Scatter Plots in Matplotlib
Scatter plots are used to visualize relationships between two numerical variables. Each point on the scatter plot represents a single observation, with its position determined by its x and y values.
Creating Scatter Plots
To create a scatter plot, use the scatter()
function in Matplotlib.
Example: Basic Scatter Plot
import matplotlib.pyplot as plt
# Data
x = [5, 10, 15, 20, 25]
y = [7, 14, 21, 28, 35]
# Create scatter plot
plt.scatter(x, y, color='blue')
# Add title and labels
plt.title("Basic Scatter Plot")
plt.xlabel("X-axis")
plt.ylabel("Y-axis")
# Display the plot
plt.show()
Customizing Scatter Plots
Matplotlib allows customization of scatter plots with various parameters:
Parameter | Description | Example Value |
---|---|---|
color | Color of the points | 'red' |
s | Size of the points | 100 |
marker | Shape of the marker | 'o' , 's' |
edgecolor | Color of the marker’s edge | 'black' |
alpha | Transparency of the points (0 to 1) | 0.5 |
Example: Customized Scatter Plot
# Data
x = [1, 2, 3, 4, 5]
y = [2, 4, 6, 8, 10]
# Create scatter plot
plt.scatter(x, y, color='green', s=100, marker='s', edgecolor='black', alpha=0.7)
# Add title and labels
plt.title("Customized Scatter Plot")
plt.xlabel("X-axis")
plt.ylabel("Y-axis")
# Display the plot
plt.show()
Plotting Multiple Datasets
You can plot multiple datasets on the same scatter plot to compare trends.

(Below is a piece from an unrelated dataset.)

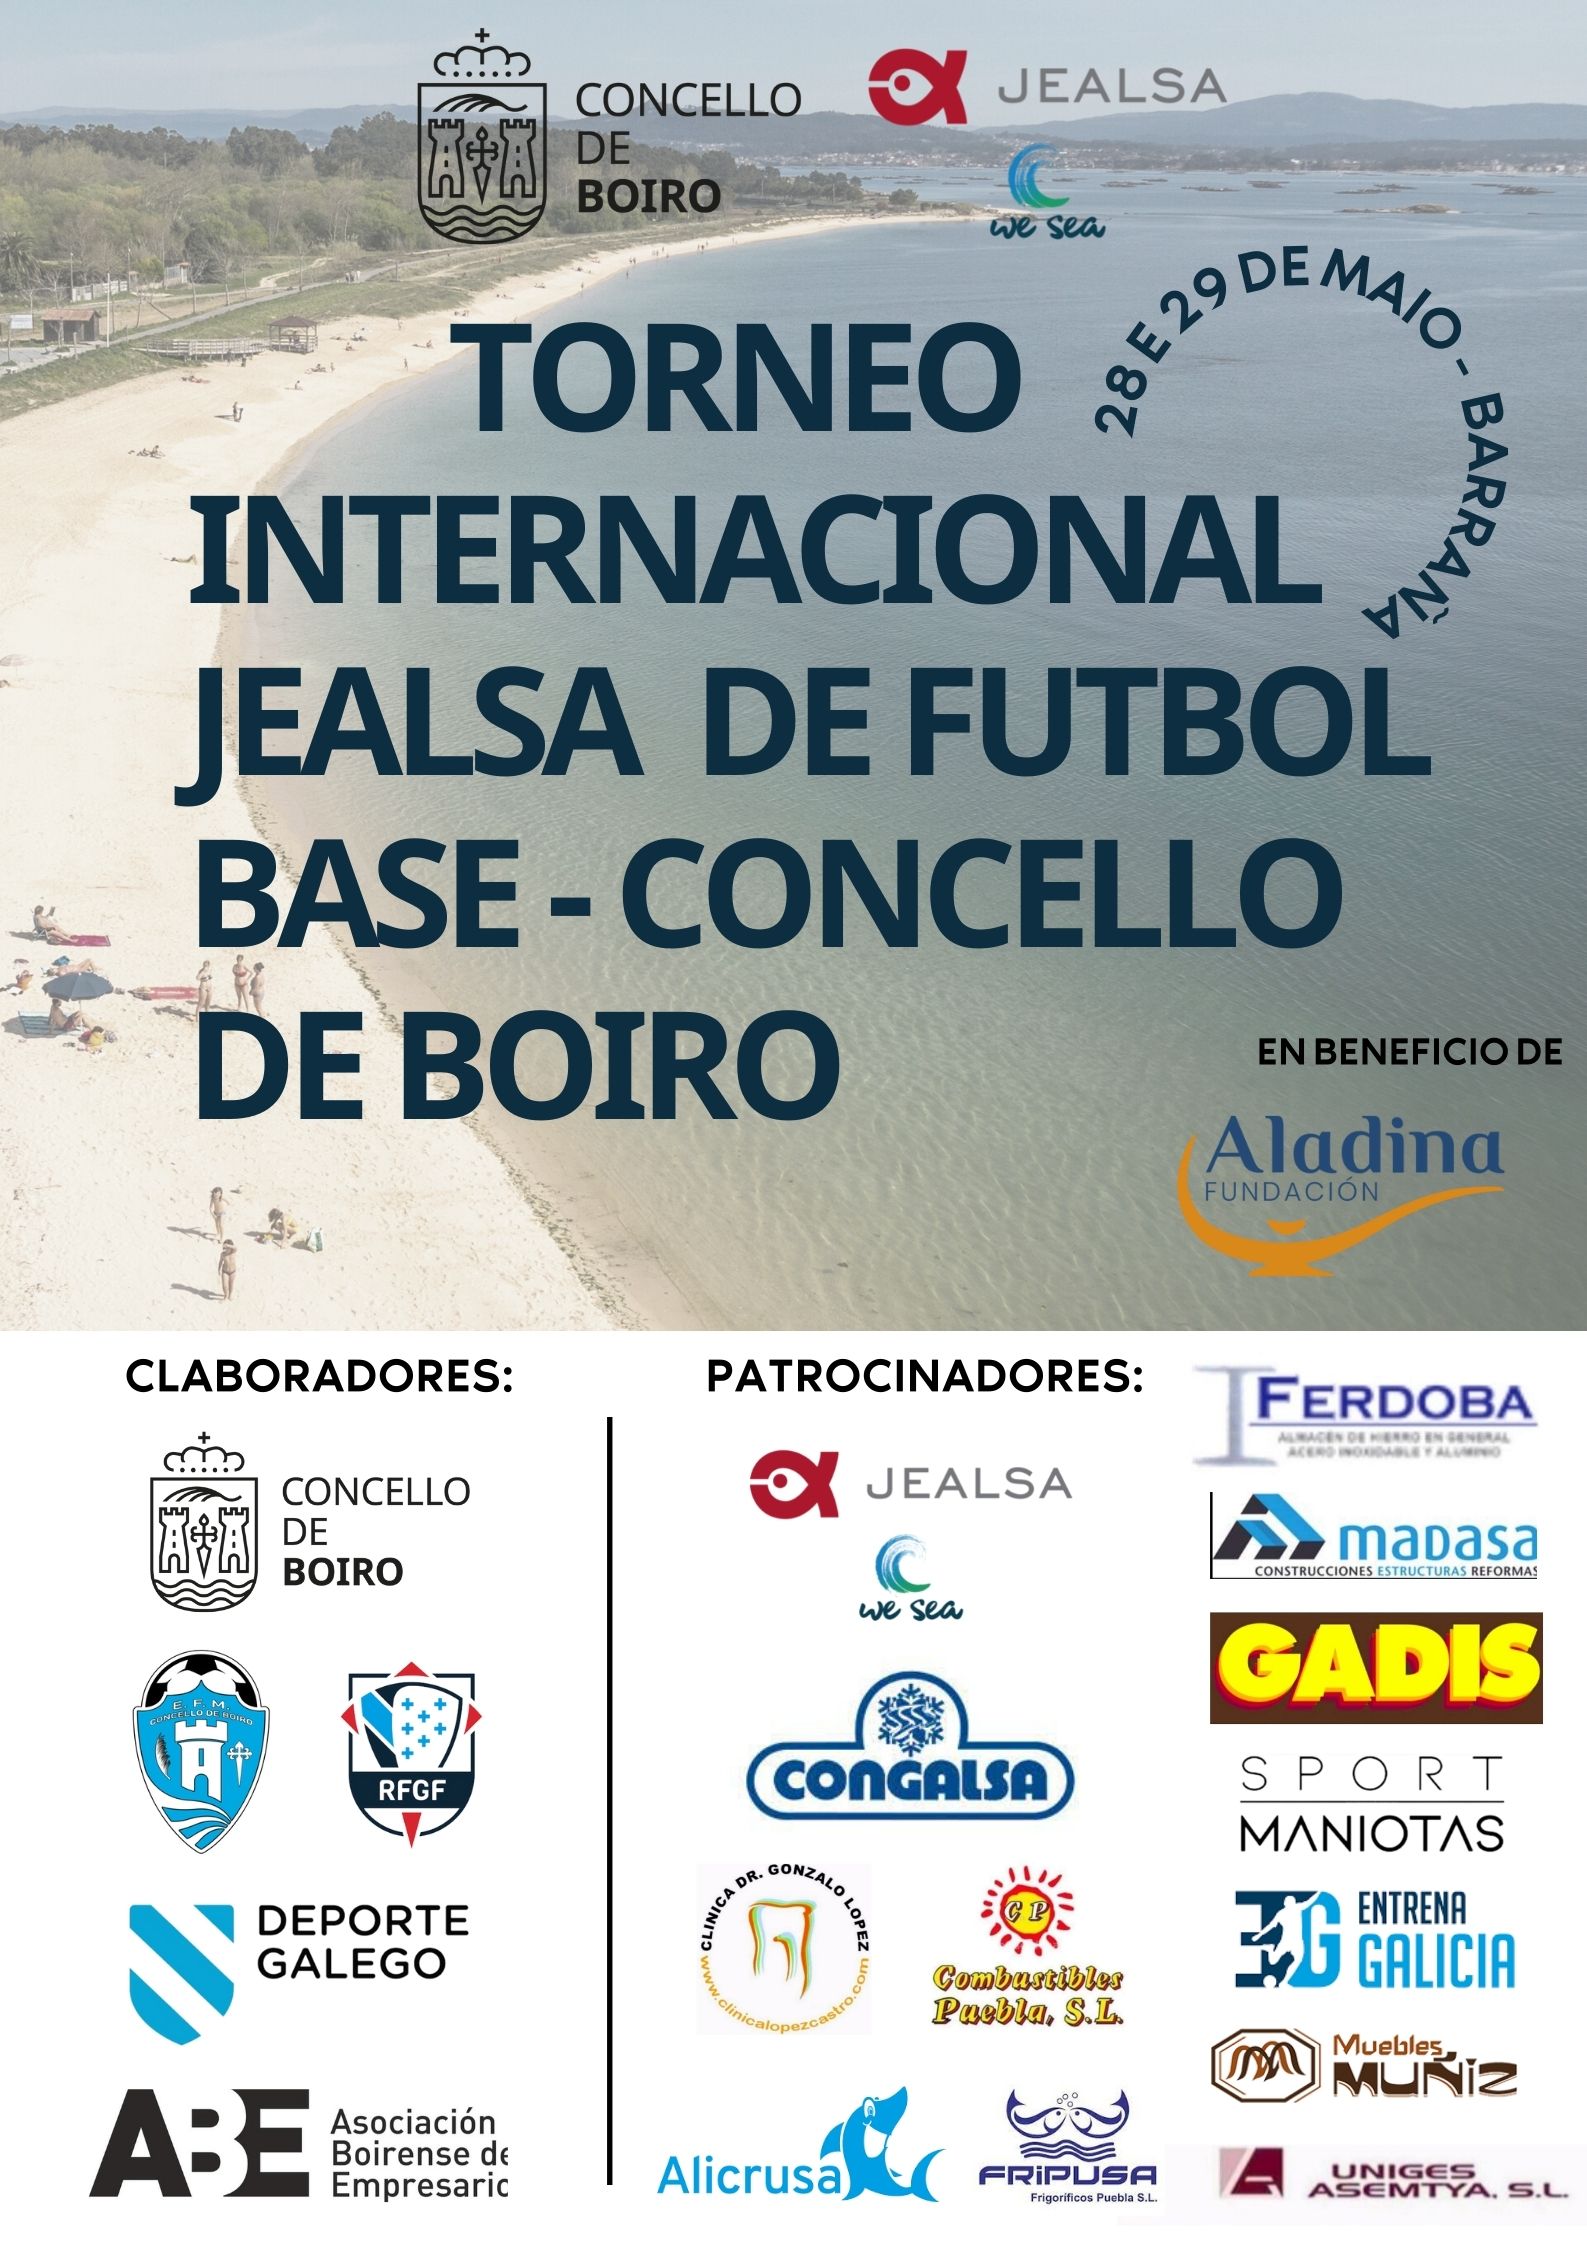 Torneo Internacional Jealsa de futbol base - Concello de Boiro 
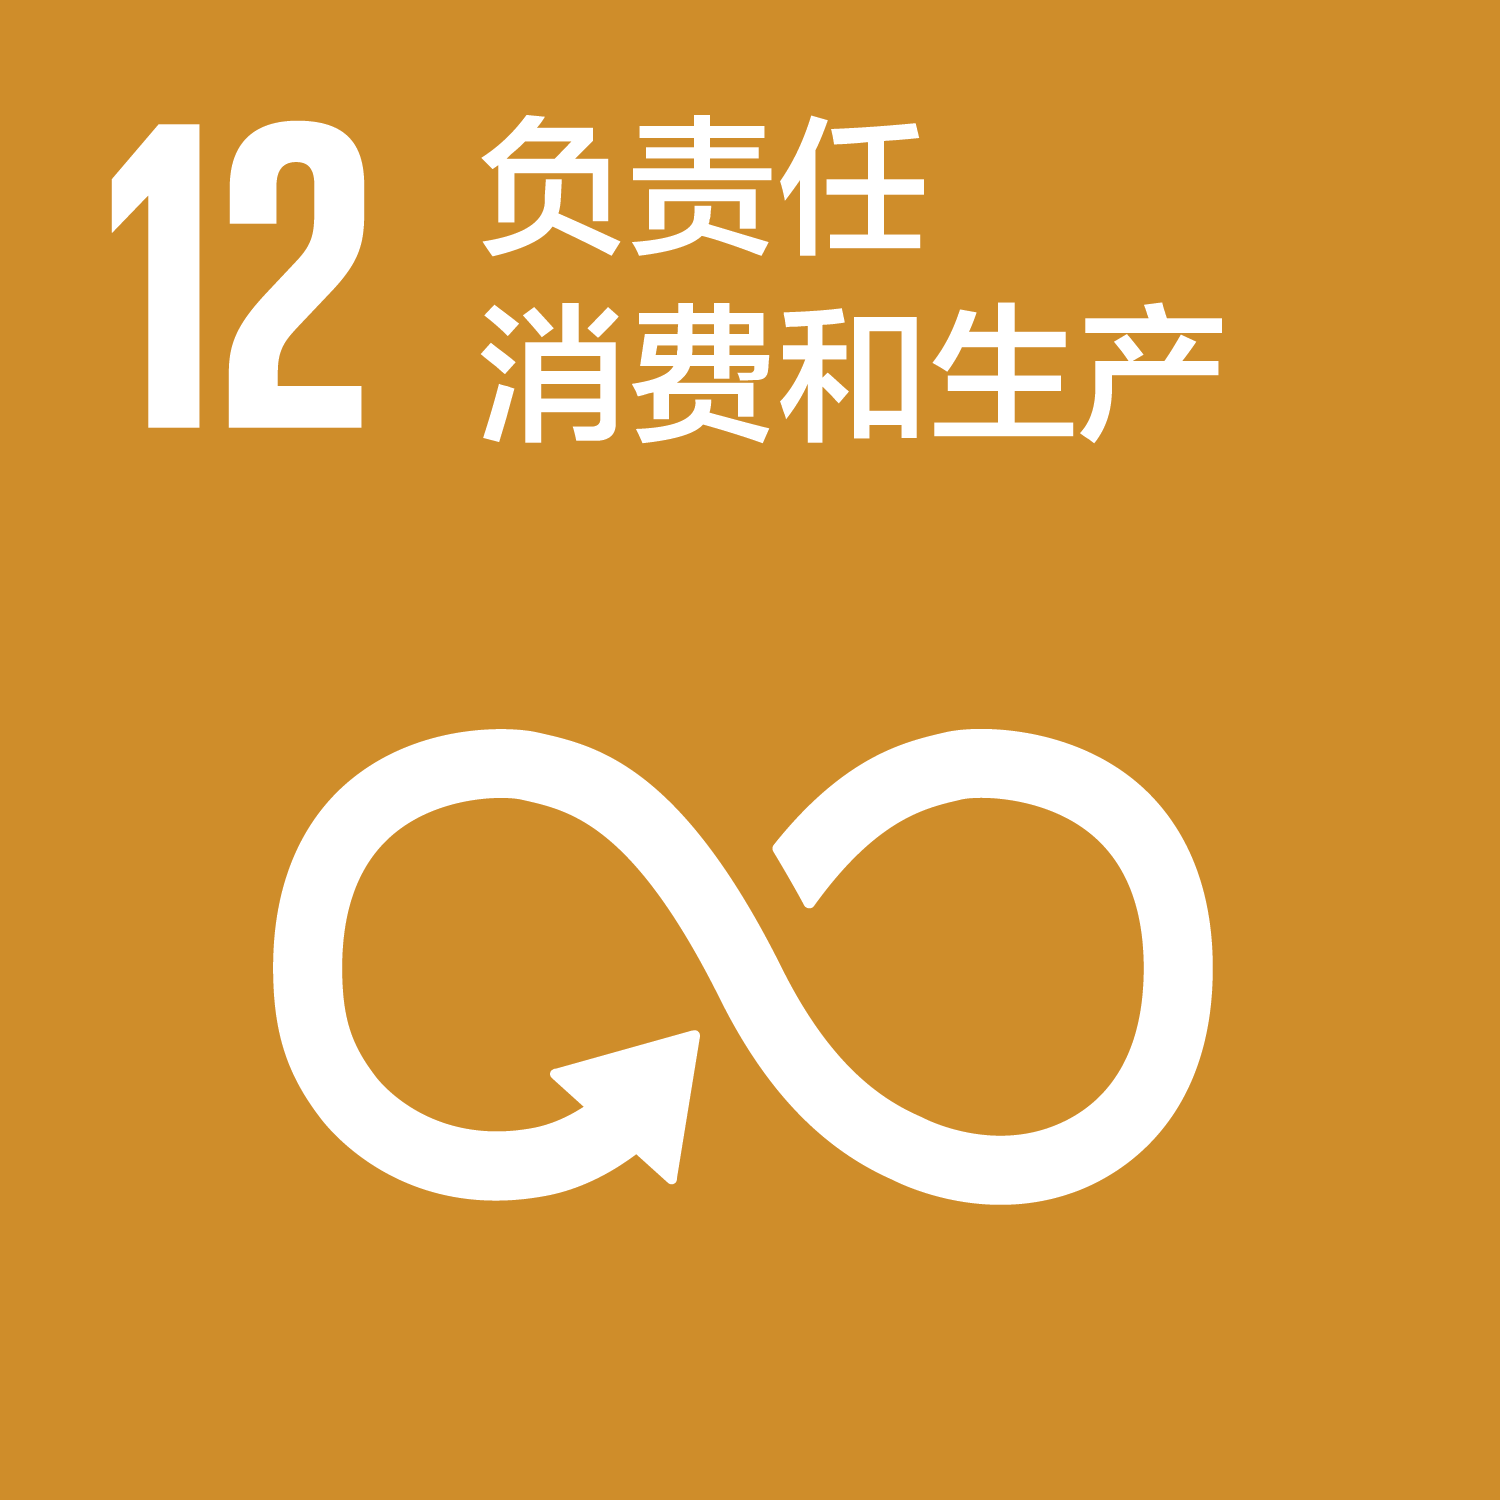 可持续发展目标-12负责仁消费和生产

Example: Scatter Plot with Multiple Datasets
# Data
x1, y1 = [1, 2, 3, 4], [2, 4, 6, 8]
x2, y2 = [1, 2, 3, 4], [3, 6, 9, 12]
# Create scatter plot
plt.scatter(x1, y1, label="Dataset 1", color='blue', s=50)
plt.scatter(x2, y2, label="Dataset 2", color='red', s=100)
# Add title, labels, and legend
plt.title("Scatter Plot with Multiple Datasets")
plt.xlabel("X-axis")
plt.ylabel("Y-axis")
plt.legend()
# Display the plot
plt.show()
Practical Examples
Example 1: Student Scores
# Data
subjects = ["Math", "Science", "English", "History"]
score1 = [90, 85, 88, 75] # Student A
score2 = [80, 88, 84, 90] # Student B
# Create scatter plot
plt.scatter(subjects, score1, label="Student A", color='blue', s=80)
plt.scatter(subjects, score2, label="Student B", color='green', s=80)
# Add title, labels, and legend
plt.title("Student Scores Across Subjects")
plt.xlabel("Subjects")
plt.ylabel("Scores")
plt.legend()
# Display the plot
plt.show()
Example 2: House Prices
# Data
area = [500, 700, 1000, 1200, 1500] # Area in square feet
prices = [300000, 400000, 600000, 750000, 1000000] # Prices in USD
# Create scatter plot
plt.scatter(area, prices, color='orange', s=100, marker='^')
# Add title and labels
plt.title("House Prices vs. Area")
plt.xlabel("Area (sq ft)")
plt.ylabel("Price (USD)")
# Display the plot
plt.show()
Try It Yourself
Problem 1: Visualize Sales Data
Create a scatter plot to visualize the sales data for three products (Product A, Product B, Product C) across four regions (North, South, East, West).
Show Code
# Data
regions = ["North", "South", "East", "West"]
product_a = [100, 150, 200, 180]
product_b = [120, 140, 220, 160]
# Create scatter plot
plt.scatter(regions, product_a, label="Product A", color='blue', s=80)
plt.scatter(regions, product_b, label="Product B", color='red', s=80)
# Add title, labels, and legend
plt.title("Sales Data Across Regions")
plt.xlabel("Regions")
plt.ylabel("Sales (Units)")
plt.legend()
# Display the plot
plt.show()
Problem 2: Compare Population Growth
Create a scatter plot comparing population growth in two countries over five decades.
Show Code
# Data
decades = ["1970", "1980", "1990", "2000", "2010"]
country_a = [50, 55, 60, 70, 80]
country_b = [40, 45, 55, 65, 75]
# Create scatter plot
plt.scatter(decades, country_a, label="Country A", color='green', s=100)
plt.scatter(decades, country_b, label="Country B", color='purple', s=100)
# Add title, labels, and legend
plt.title("Population Growth Comparison")
plt.xlabel("Decades")
plt.ylabel("Population (Millions)")
plt.legend()
# Display the plot
plt.show()
Scatter plots are an excellent way to visualize the relationship between two variables. Experiment with various customization options to create clear and informative visualizations.